Primary LanguageJupyter Notebook

Credit Card Fraud Detection

This repository contains a Python script that implements various machine learning models to detect credit card fraud based on a dataset of anonymized credit card transactions.

The dataset used in this project can be found on Kaggle: Credit Card Fraud Detection Dataset

Overview

The script follows these steps:

  1. Import libraries
  2. Load the dataset
  3. Preprocess the data (handle missing values, duplicates, and outliers)
  4. Standardize numerical features
  5. Split the data into training and testing sets
  6. Handle imbalanced data using SMOTE
  7. Train multiple models (Logistic Regression, Random Forest, KNN, XGBoost, and LightGBM)
  8. Evaluate model performance using various metrics
  9. Perform hyperparameter tuning (optional)

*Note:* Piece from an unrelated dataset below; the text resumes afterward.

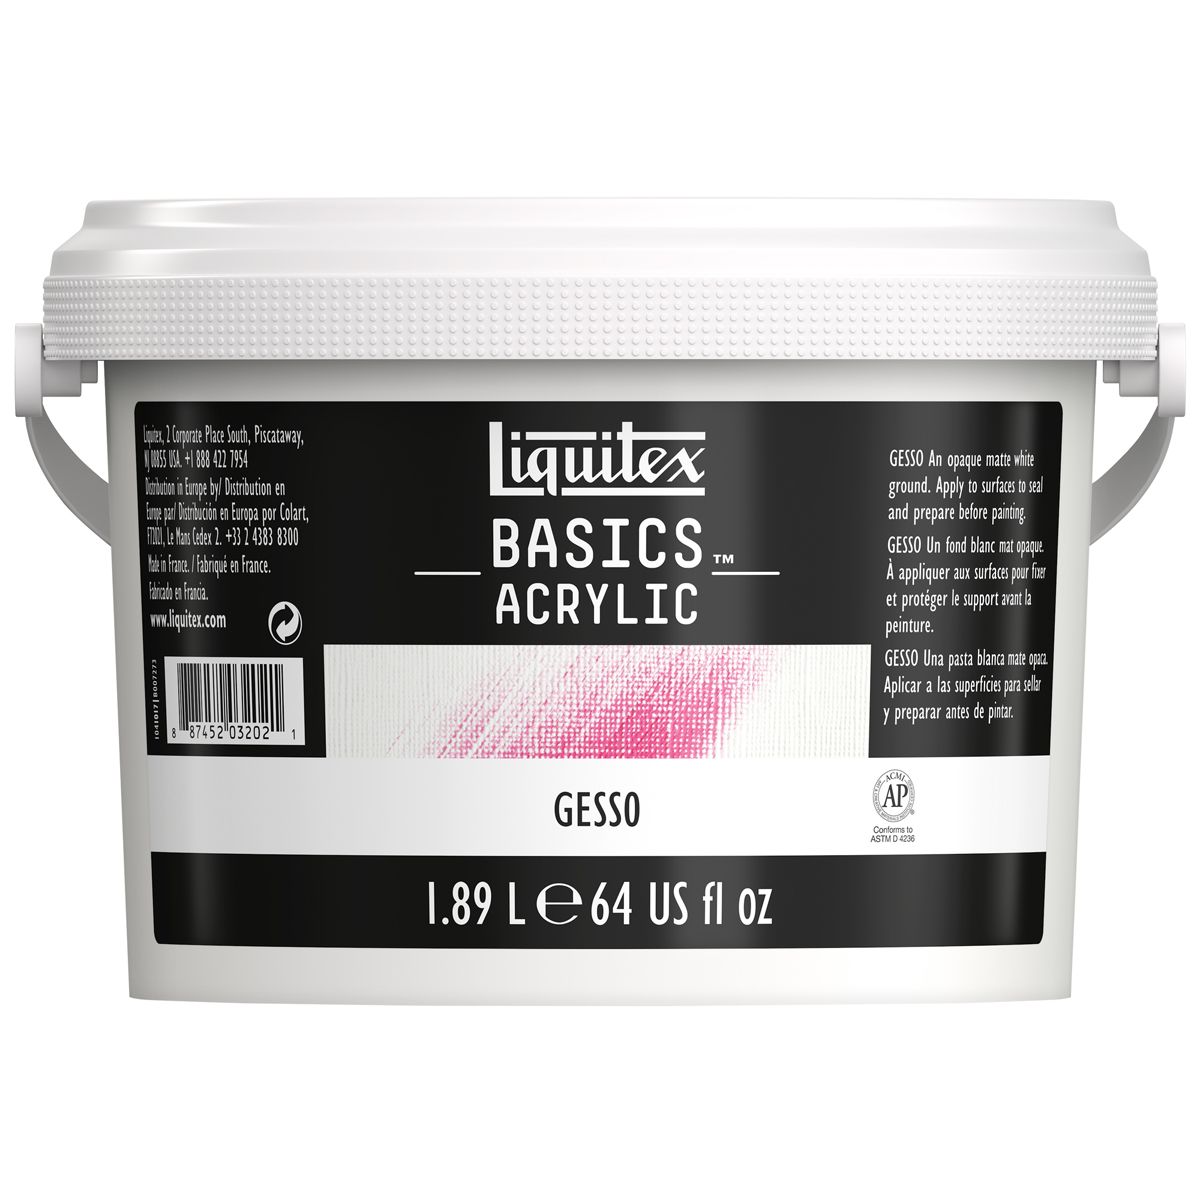 Liquitex Basics Acrylic Gesso - 1.89 L (64oz)

Based on the evaluation metrics, the Random Forest model performs the best among the selected models.

Model Performance

The following table shows the performance of the models used in this project:

Model AUPRC Precision (class 1) Recall (class 1) F1-score (class 1) False Positives False Negatives
Logistic Regression 0.7322 0.80 0.64 0.71 16 28
Random Forest 0.8348 0.91 0.76 0.83 7 23
KNN 0.5461 0.24 0.83 0.37 209 13
XGBoost 0.7943 0.89 0.68 0.77 9 25
LightGBM 0.8159 0.88 0.73 0.80 10 21

Usage

To run the script, you will need JupyterNotebook and the following libraries installed:

  1. numpy
  2. pandas
  3. scikit-learn
  4. imbalanced-learn
  5. scipy
  6. xgboost
  7. lightgbm

Download the dataset from the source and place it in the same directory as the script. Then, simply run the script using Jupyternotebook.

Conclusion

Based on the evaluation metrics, the Random Forest model performs the best among the selected models for this imbalanced dataset. The reasoning behind this conclusion is as follows:

  1. AUPRC (Area Under the Precision-Recall Curve): Random Forest has the highest AUPRC (0.8348) among all models, indicating better overall performance in distinguishing between the classes when dealing with imbalanced data.
  2. Precision, Recall, and F1-score: Random Forest has the highest precision (0.91) for the positive class (fraud), which means it has the lowest false positive rate among the models. It also has a good recall (0.76), which means it can detect a considerable proportion of the actual fraud cases. The F1-score (0.83) for the positive class in Random Forest is also the highest, indicating a good balance between precision and recall.
  3. Confusion Matrix: The confusion matrix of the Random Forest model shows the smallest number of false positives (7) and a relatively low number of false negatives (23) compared to other models.

Although the accuracy is high for all the models, it is not a reliable metric in this case due to the highly imbalanced nature of the dataset. The other metrics mentioned above provide a better perspective on the model's performance.

Considering all these factors, the Random Forest model seems to be the best performer among the selected models for this imbalanced dataset.